Feisty oil heiress and theater star Aline Barnsdall would have been pleased to see the scene that unfolded on her lawn at Hollyhock House last Friday: throngs of people sprawled out on picnic blankets, sipping wine, catching up with friends, and watching the sun set over Los Angeles.
I know I was enjoying the revelries. When I received an email earlier this summer announcing the start of this year’s Friday Night Wine Tastings at Barnsdall Art Park, they had me at “wine tasting.” Imagine sitting with a glass of pinot in the shadow of Frank Lloyd Wright’s c. 1921 Hollyhock House, built for Barnsdall, who had bohemian tendencies and an affinity for supporting radical causes.
But throw in the opportunity to tour the iconic house, and I was sold. So last Friday, I drove to East Hollywood and hiked up the hill where Hollyhock House stands, overlooking the city.
Before we began sampling the libations, my friend and I lined up for our 7 p.m. tour. It was quite a treat to be touring the house that night: It has been closed to tour groups since July 20, save for tours given during the Friday Night Wine Tastings, on account of ongoing restoration work at the site. (It is scheduled to reopen to the public in September.)
We were led through a side door and into a small room where we were instructed to put protective booties over our shoes to spare the flawless hardwood floors. Thanks to Wright’s open floor plan, I was able to survey a good portion of the house while waiting for the tour to begin. Sheets of plastic covering the various construction zones blocked some views, but the visible parts were breathtaking. I was excited to begin exploring.
Our docent gave us a thorough history of the property, which I’ll recap here:
- Barnsdall wanted to build a house for her and her daughter on her 36-acre plot in Los Angeles along with an arts colony, complete with two secondary residences, a theater, artist studios, and a movie house.
- She brought Wright to the city to execute her vision.
- The house gets its name from Barnsdall’s favorite flower, the hollyhock. Recurring hollyhock designs are incorporated throughout, like those inlaid along the walls and running down the backs of the dining room chairs.
- Barnsdall and Wright shared a contentious relationship. Our docent told us that when the house was finally completed -- thousands of dollars over Wright’s initial estimates -- Barnsdall was none too fond of it.
- Shortly after it was completed, she donated the house and 11 acres of surrounding land to the city for use as a public art park.
(I encourage you to read a more thorough account of Barnsdall’s fascinating life and Hollyhock House’s history here.)
Walking around, I understood Barnsdall’s criticisms.
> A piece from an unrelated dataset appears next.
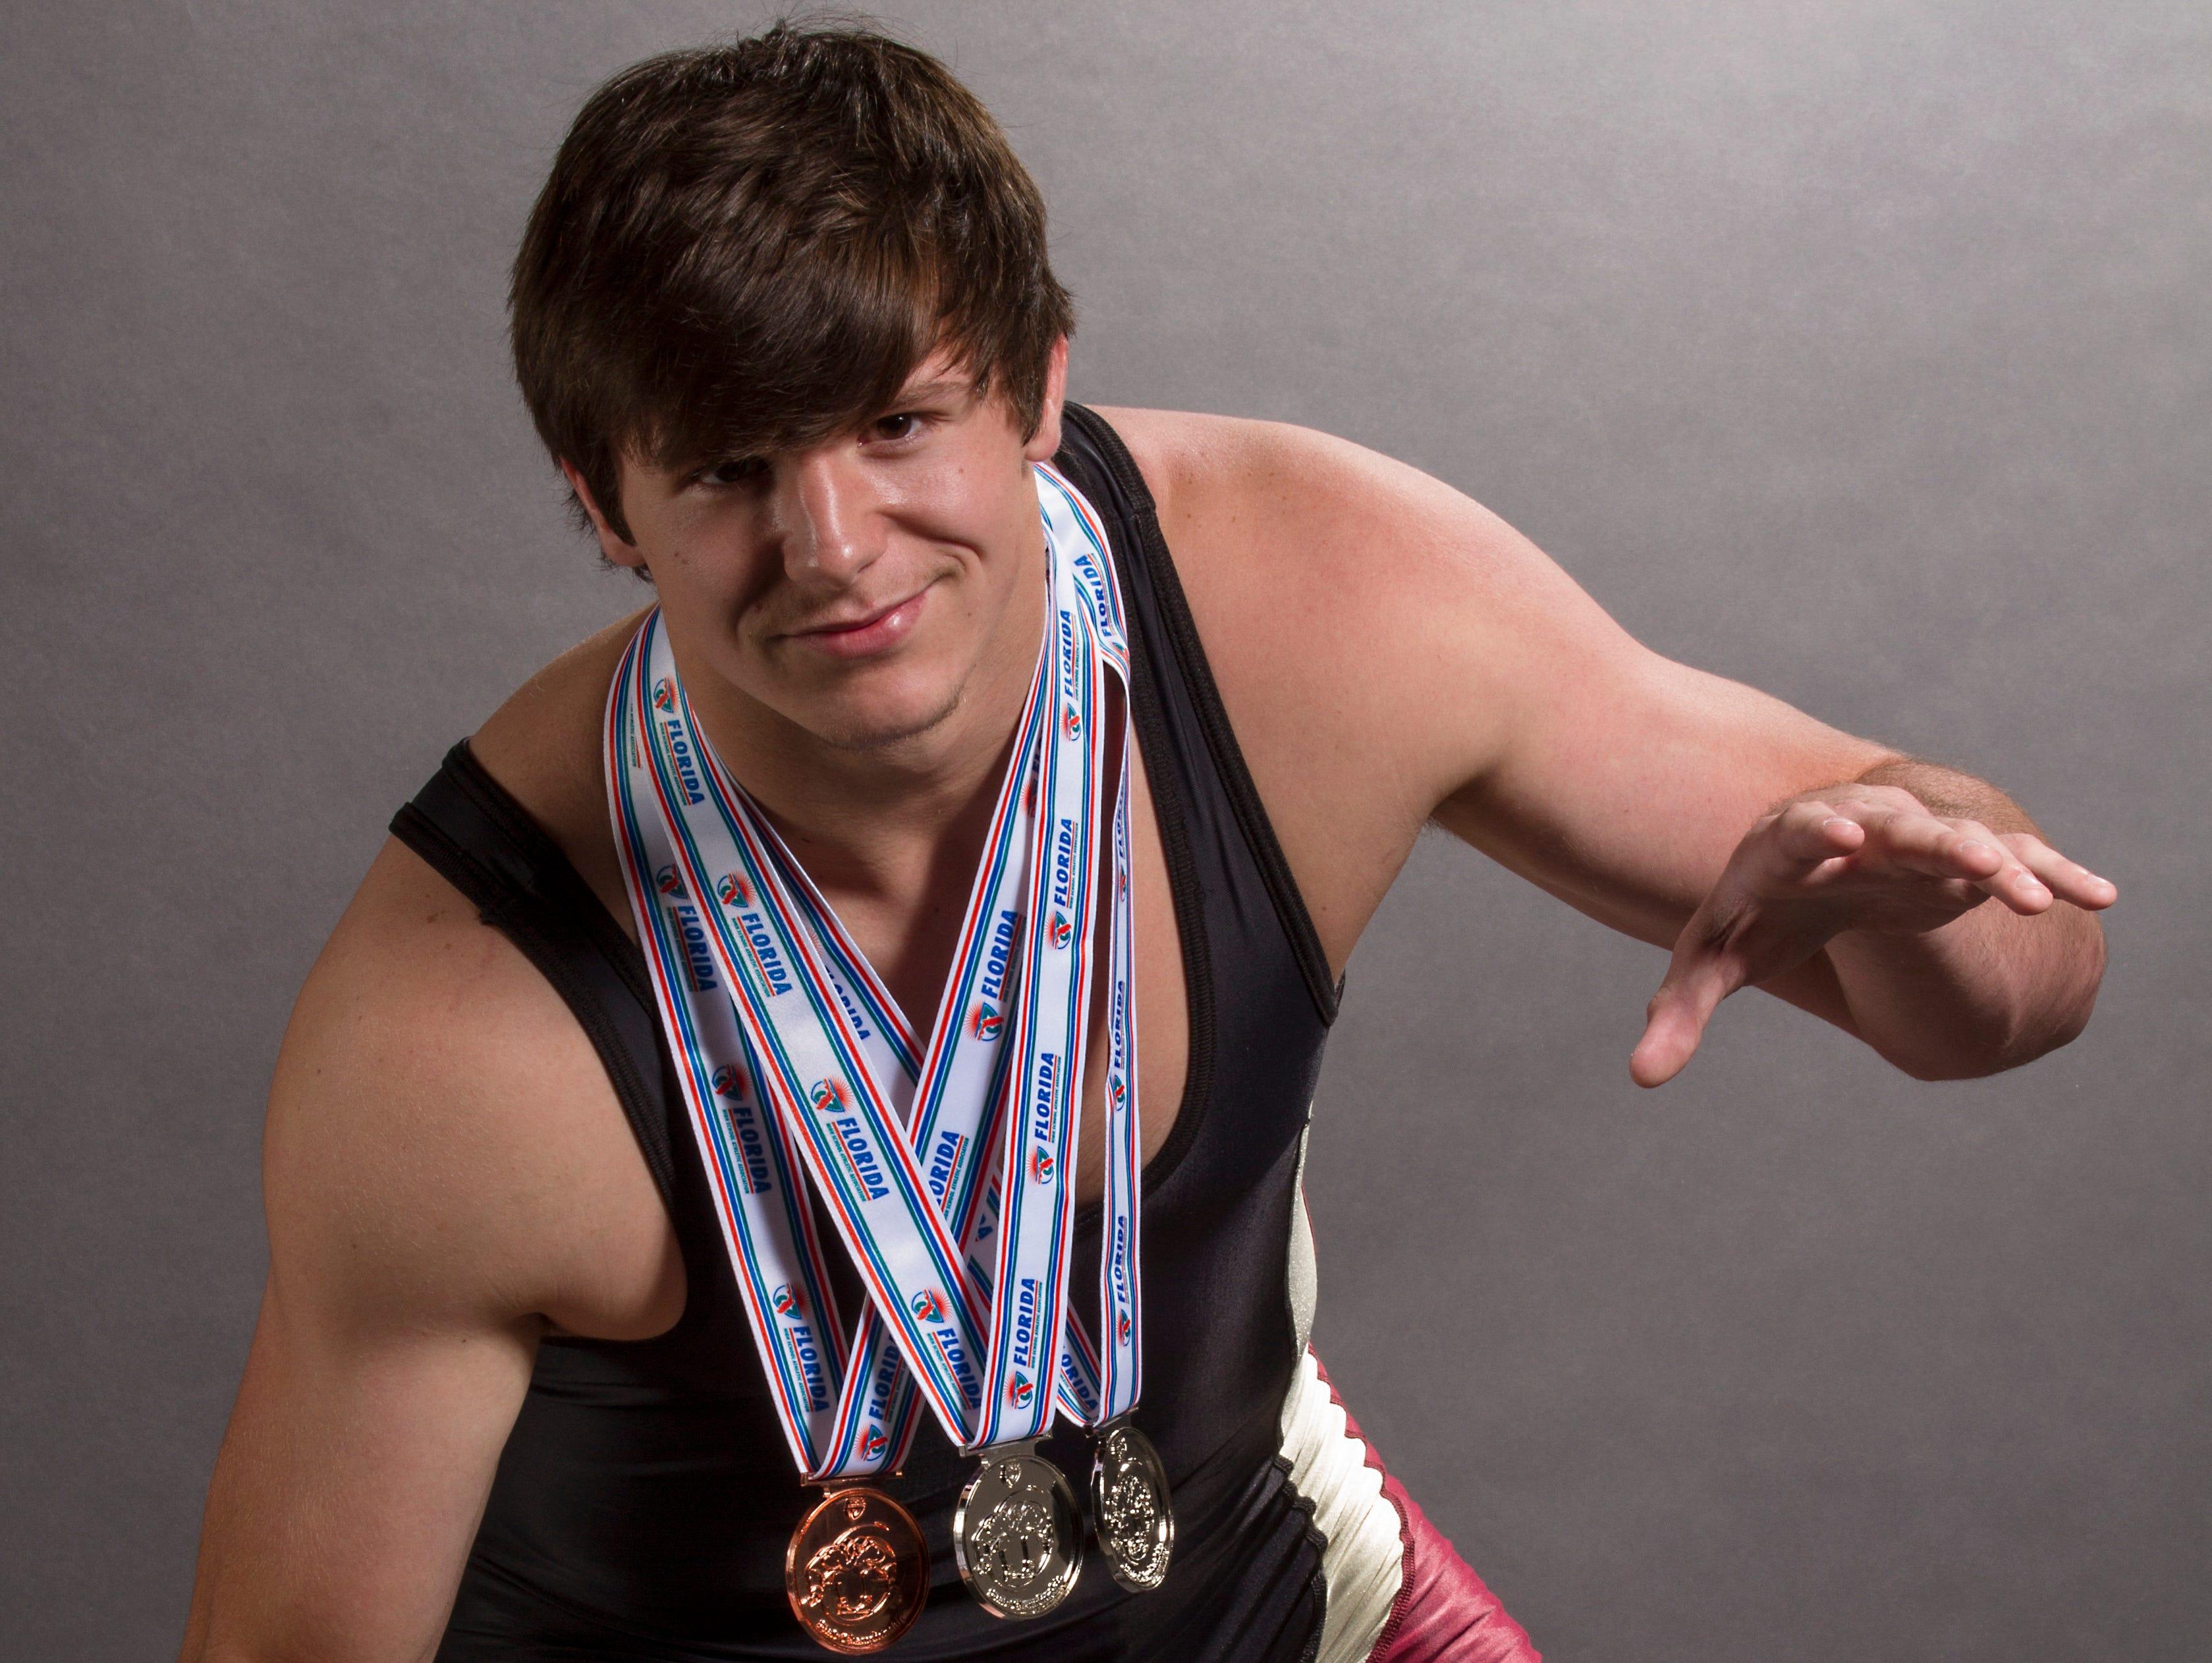 Jesse Pryor, 17, is a senior wrestler at Riverdale High School.
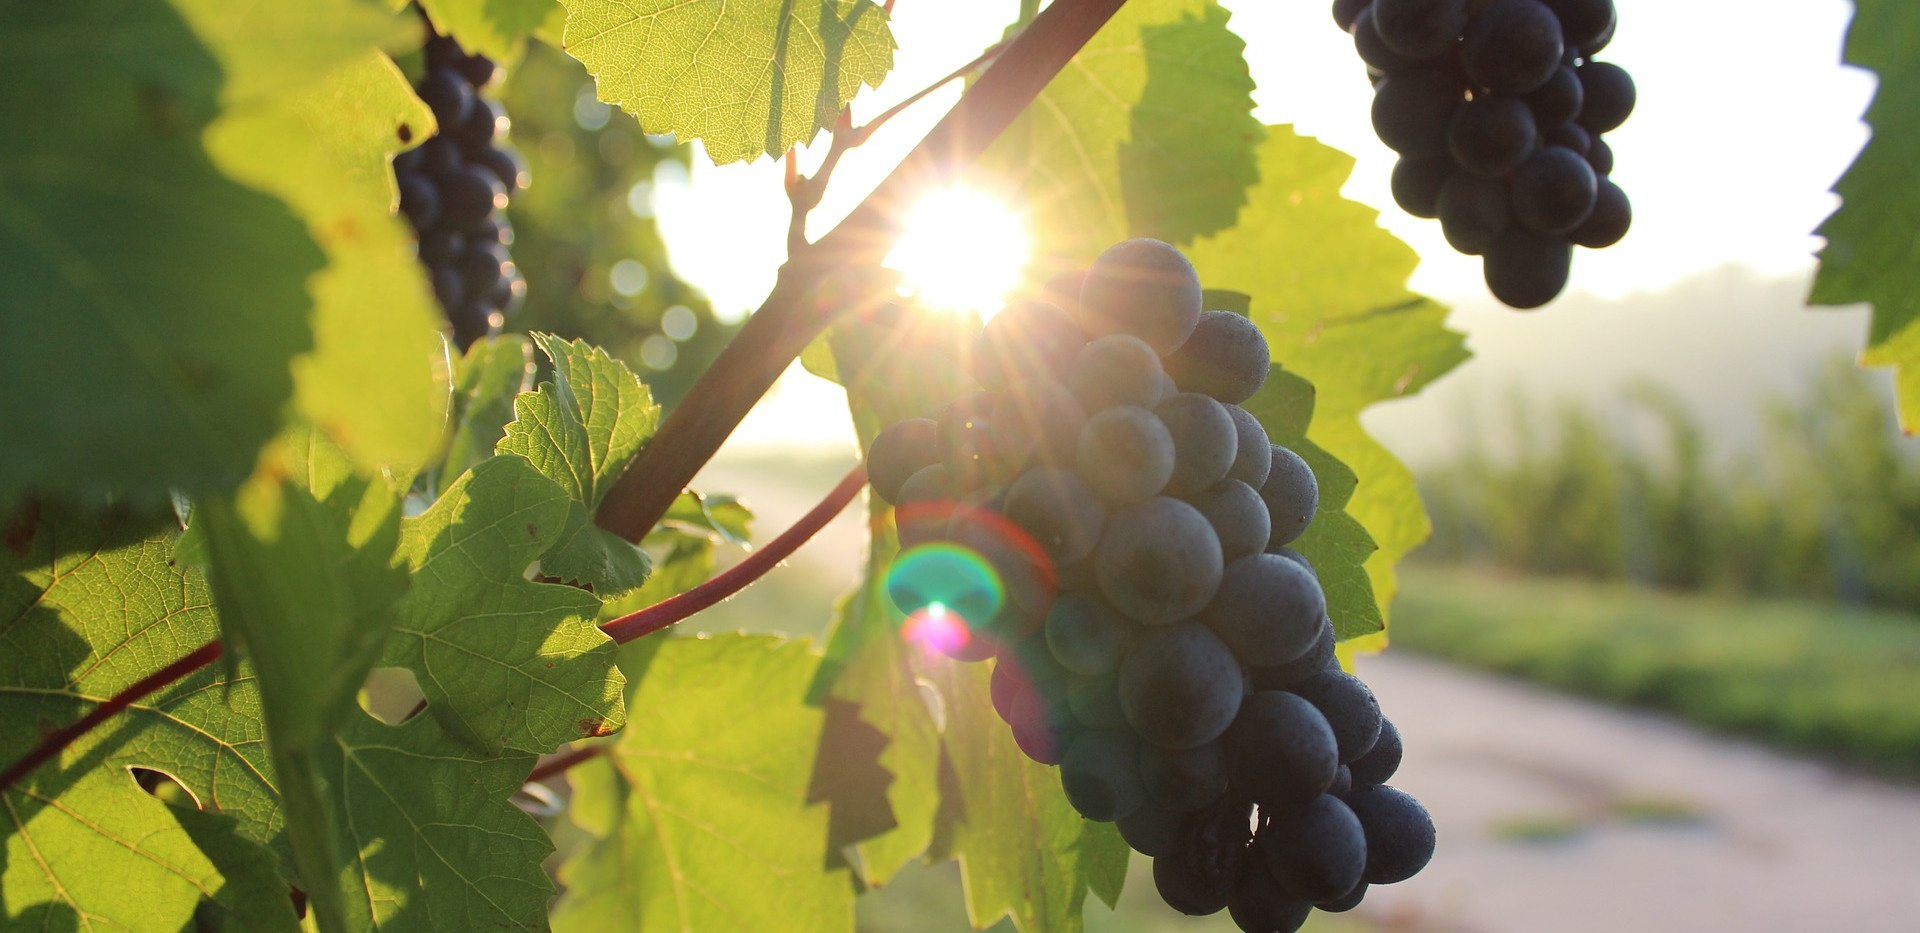 grapes-984493_1920.jpg

Walking through Wright’s dramatic entryway doesn’t immediately make you feel cozy, and the careful symmetry of his design, right down to the particular placement of his custom-made couches, would, I’m sure, start to feel stuffy after awhile.
But since I wasn’t planning to unpack my bags there, I could easily imagine myself relaxing in front of the living room fireplace, and happily envision hosting a dinner party in the sunlit dining room, with my guests seated around Wright’s custom-made table and chairs (the ones in the house today are replicas).
Back outside, wine glass in hand, I studied the house’s exterior, with its solid Mayan influences, the large windows overlooking colorful gardens, and the hollyhock motif spanning the roofline.
It struck me that events like the Friday Night Wine Tastings, or the other programs Barnsdall Art Park hosts, like art shows, outdoor movie screenings, and a weekly farmers market, provide great excuses for people to come to a historic site they might not otherwise think of visiting.
I’m all for anything that makes people aware of the iconic architecture we have here in Los Angeles. And as Hollyhock House’s keepers continue to restore it, bringing it closer and closer to its original appearance, I hope more people take an afternoon to venture inside.